Materials · Introduction · Rules · Contact
· Grades from marked homeworks are on the server in file /grades/userid.txt
· Dates of project submission and oral exams:
Early: submit project May 24 9:00am, oral exams May 27 1:00pm (limit 5 students).
Otherwise submit project June 11, 9:00am, oral exams June 18 and 21 (estimated 9:00am-1:00pm, schedule will be published before exam).
Sign up for one the exam days in AIS before June 11.
Remedial exams will take place in the last week of the exam period. Beware, there will not be much time to prepare a better project. Projects should be submitted as homeworks to /submit/project.
· Cloud homework is due on May 20 9:00am.


HWflask

From MAD
Jump to navigation Jump to search

See the lecture

General goal: Build a simple website, which lists all crawled users and for each users has a page with simple statistics regarding the posts of this user.

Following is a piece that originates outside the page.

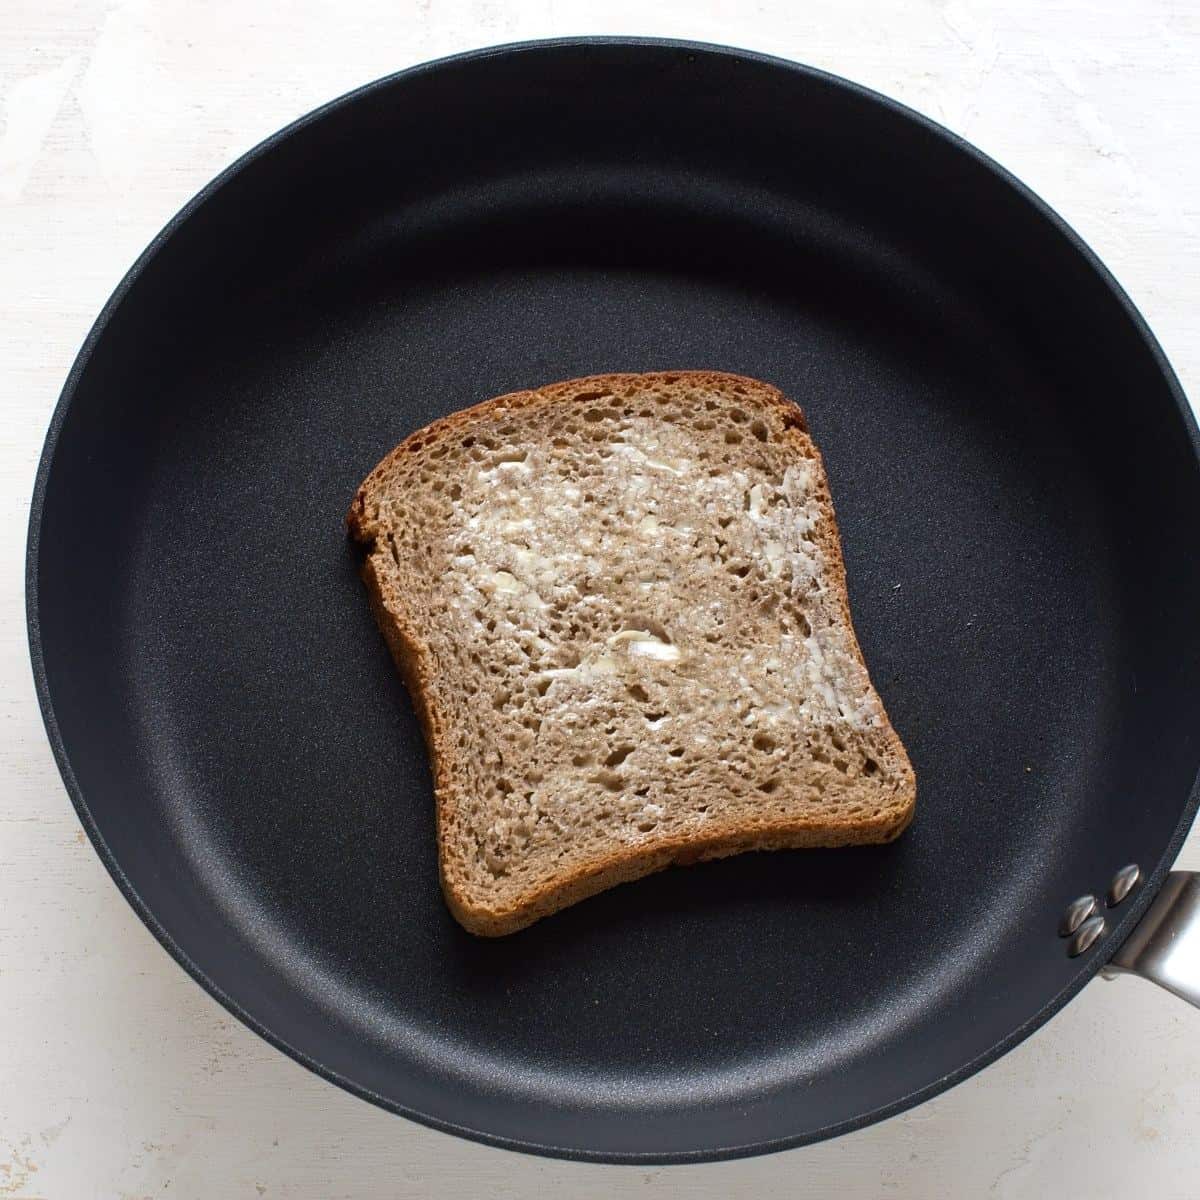 Frying a slice of bread in a skillet.

Submit your source code (web server and preprocessing scripts) and database files (even when you are using database from us). Copy these files to /submit/flask/username/

This lesson requires crawled data from previous lesson. If you don't have one, you can find it at /tasks/flask/db.sqlite3

Task A

Create a simple Flask web application which:

  • Has a homepage with a list of all users (with links to their pages).
  • Has a page for each user with basic information: the nickname, the number of posts and the last 10 posts of this user.
  • Warning: Next lecture homework depends on this task.

Task B

Make a separate script which computes and stores in the database the following information for each user:

  • the list of 10 most frequently used words,
  • the list of top 10 words typical for this user (words which this user uses much more often than other users). Come up with some simple heuristics for measuring this.

Show this information on the page of each user.

Hint: To get the most frequently used words for each user, you can use argsort from NumPy.

Task C

Preprocess and store the list of top three similar users for each user (try to come up with some simple definition of similarity based on the text in the posts). Again show this information on the user page.

Bonus: Try to use some simple topic modeling (e.g. PCA as in TruncatedSVD from scikit-learn) and use it for finding similar users.